Problem statement: Without the pictures, write the listing below out again, line for line.

Given information:
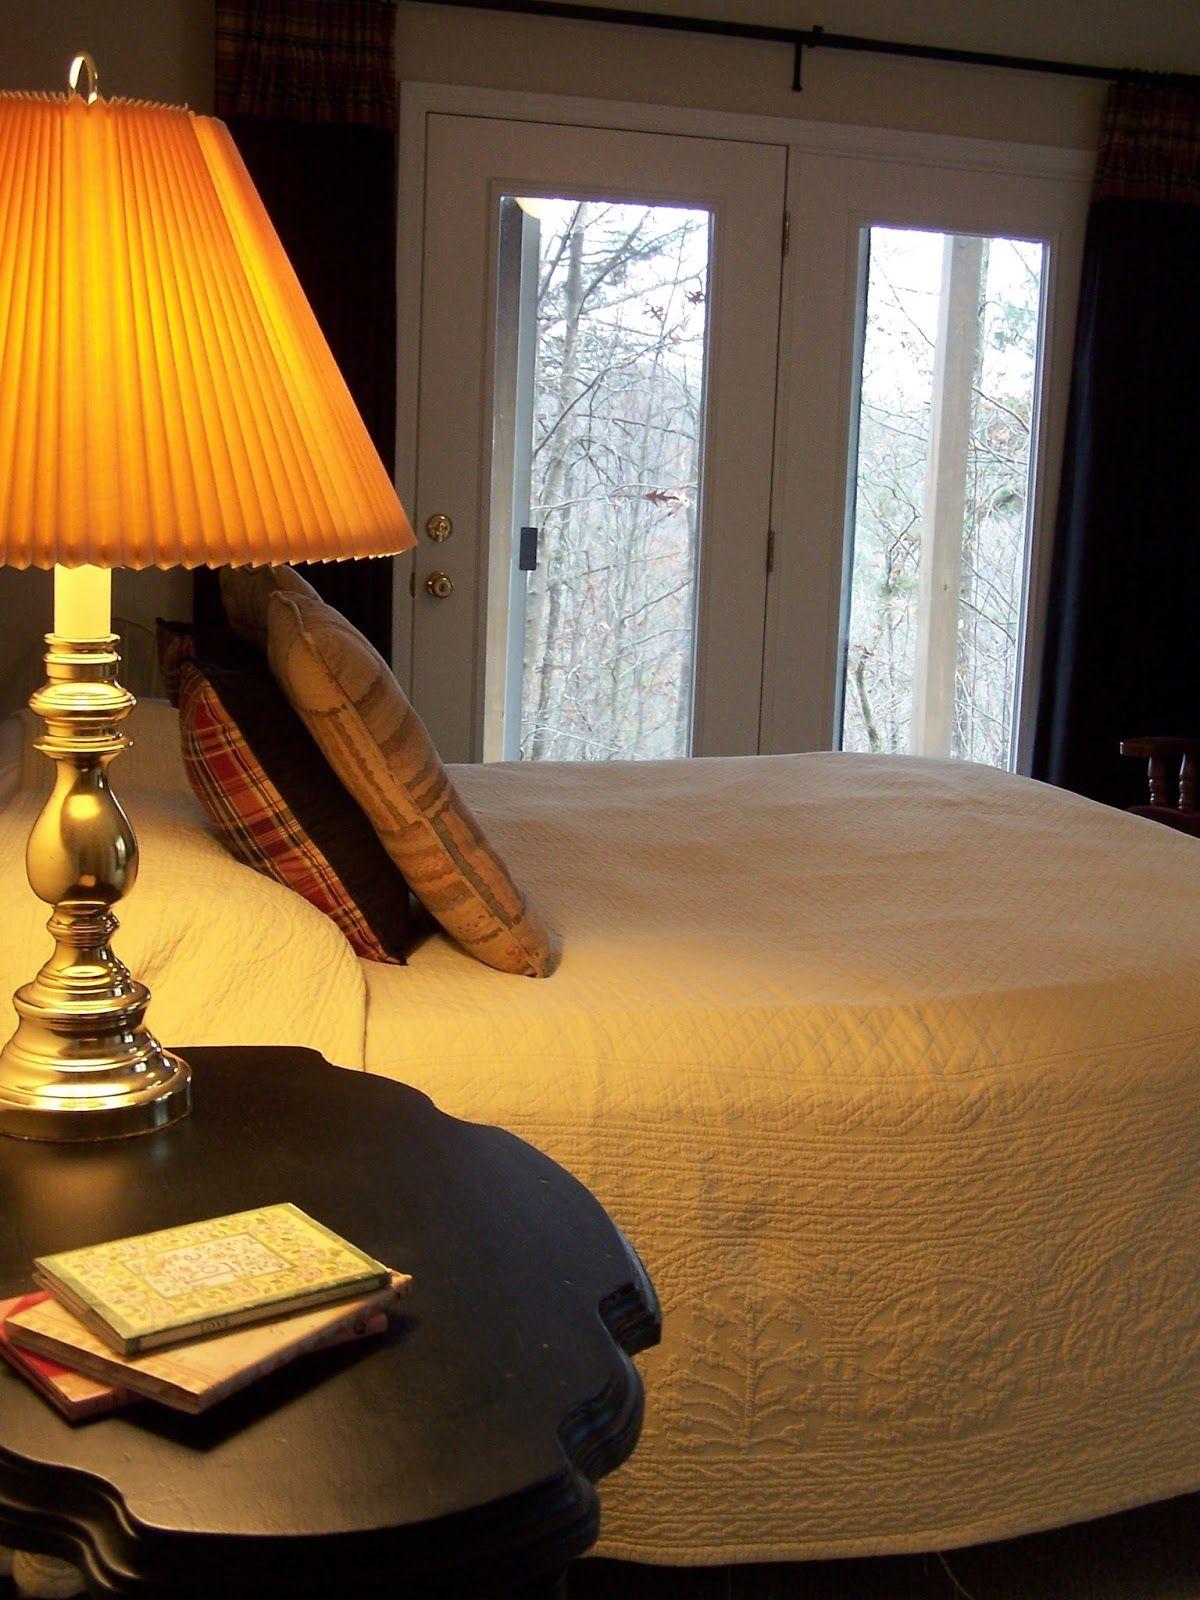 Staging Tips Tara Dillard Rental Success Flipkey, Airbnb, Homeaway, Vrbo,
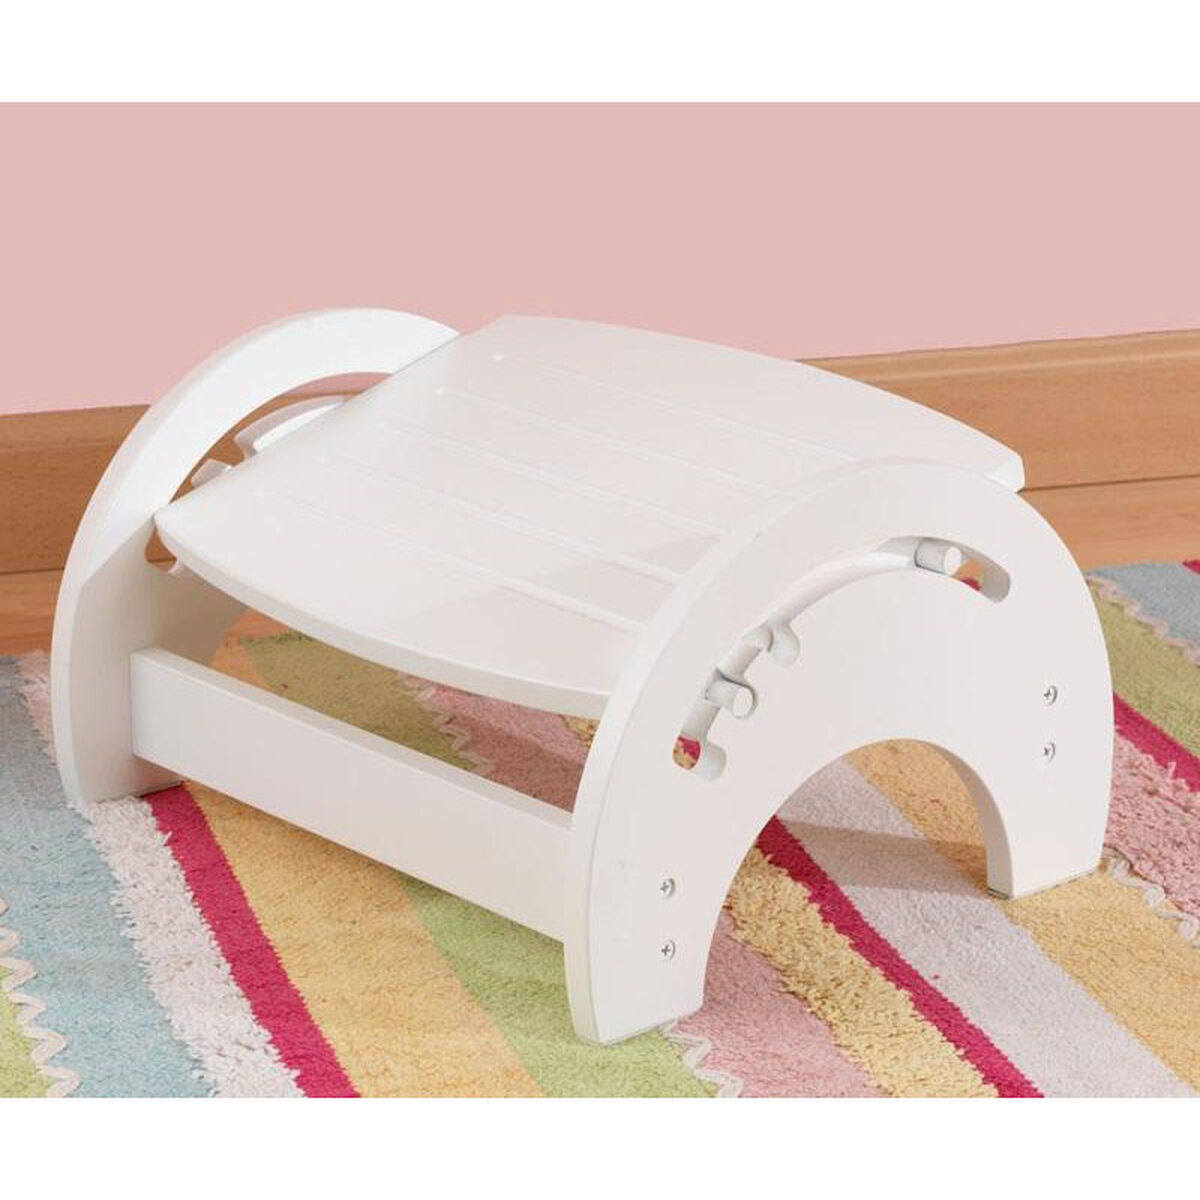 KidKraft Wooden Adjustable Stool for Nursing with Anti-slip Pads on the Base - White 15101 ...
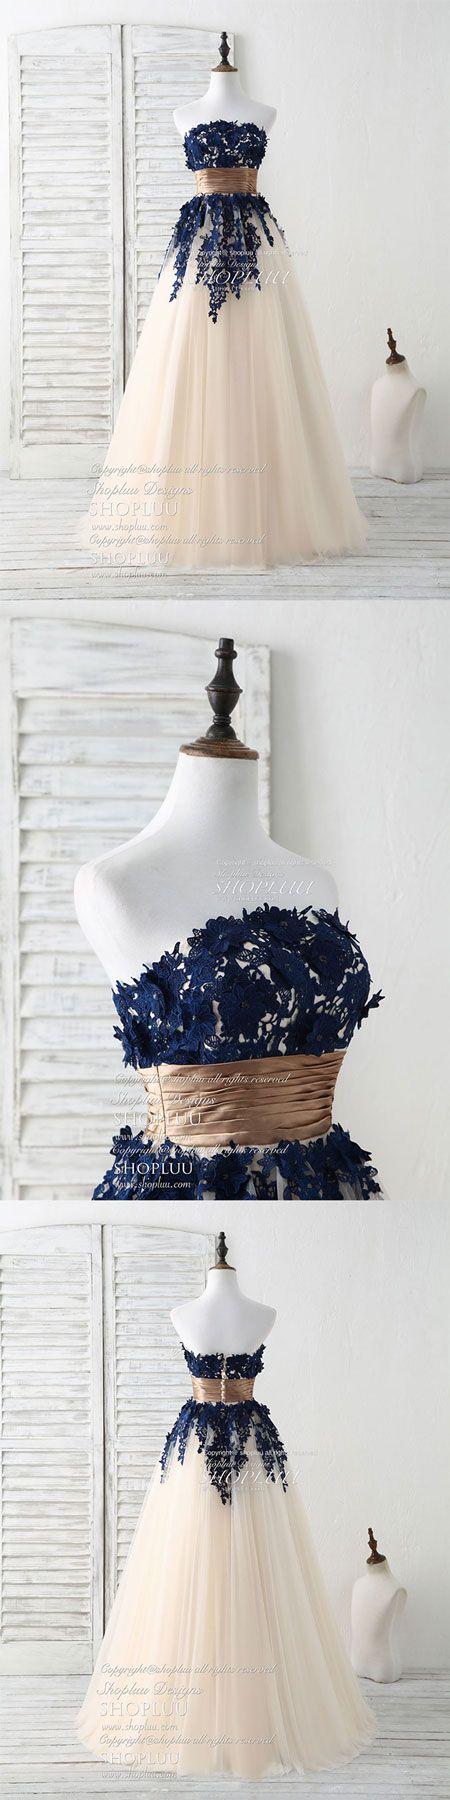 Dark blue lace applique tulle long prom dress blue bridesmaid dress, blue wedding party dress
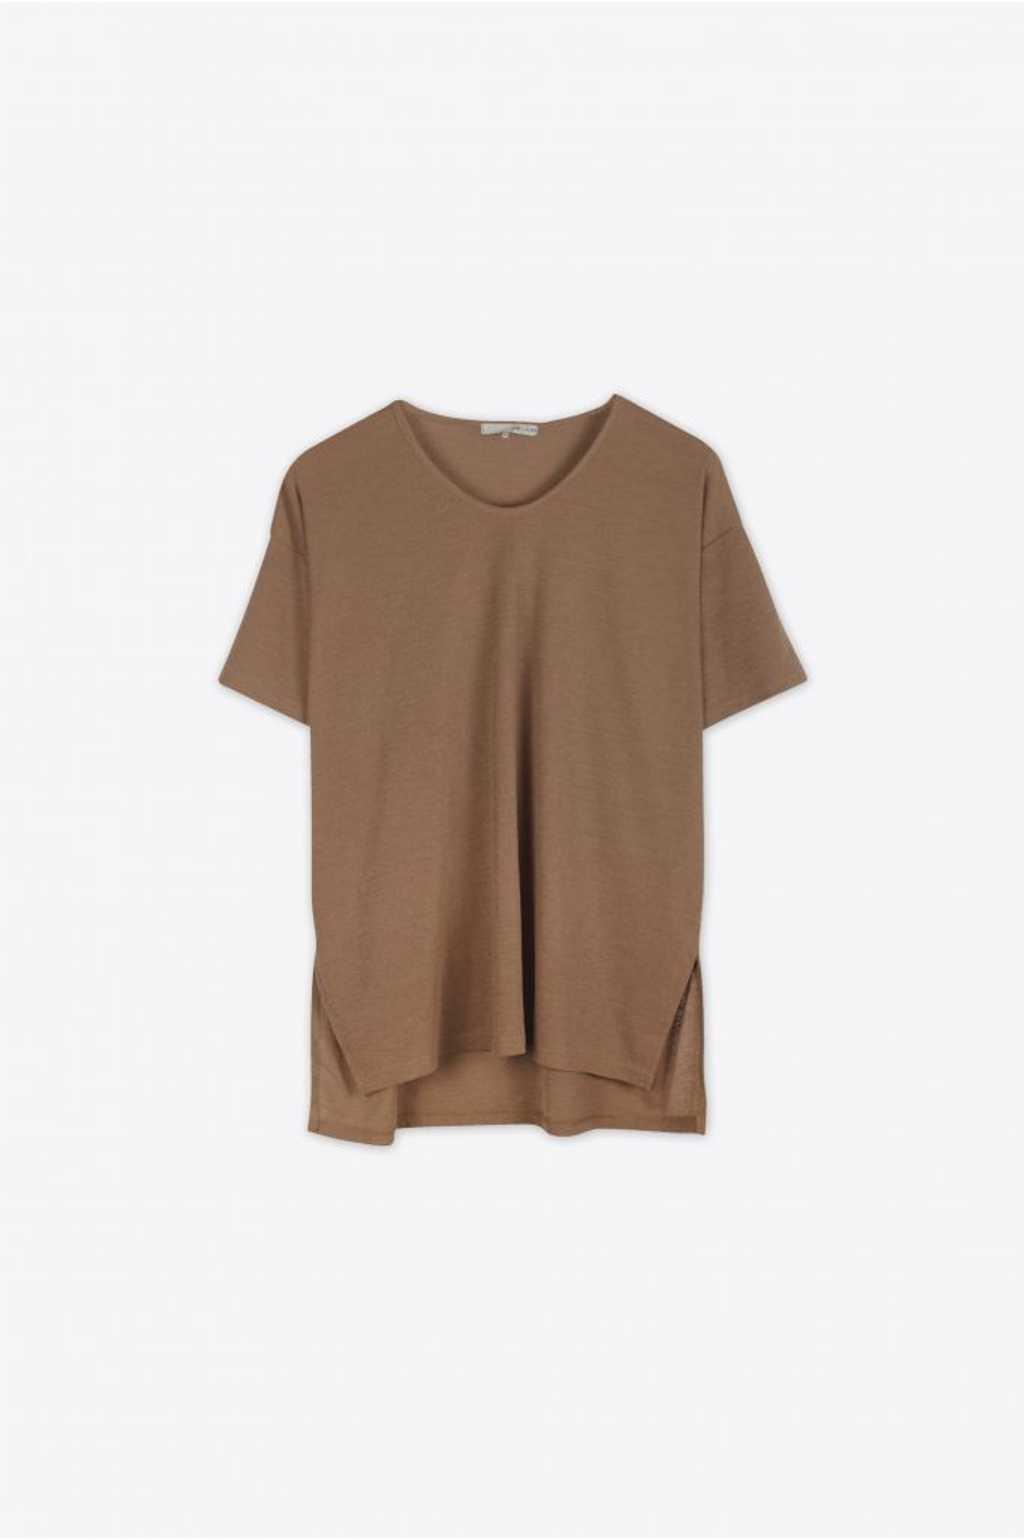 TShirt H241 Brown 5

Response to this exercise:
 Staging Tips Tara Dillard Rental Success Flipkey, Airbnb, Homeaway, Vrbo,
 KidKraft Wooden Adjustable Stool for Nursing with Anti-slip Pads on the Base - White 15101 ...
 Dark blue lace applique tulle long prom dress blue bridesmaid dress, blue wedding party dress
 TShirt H241 Brown 5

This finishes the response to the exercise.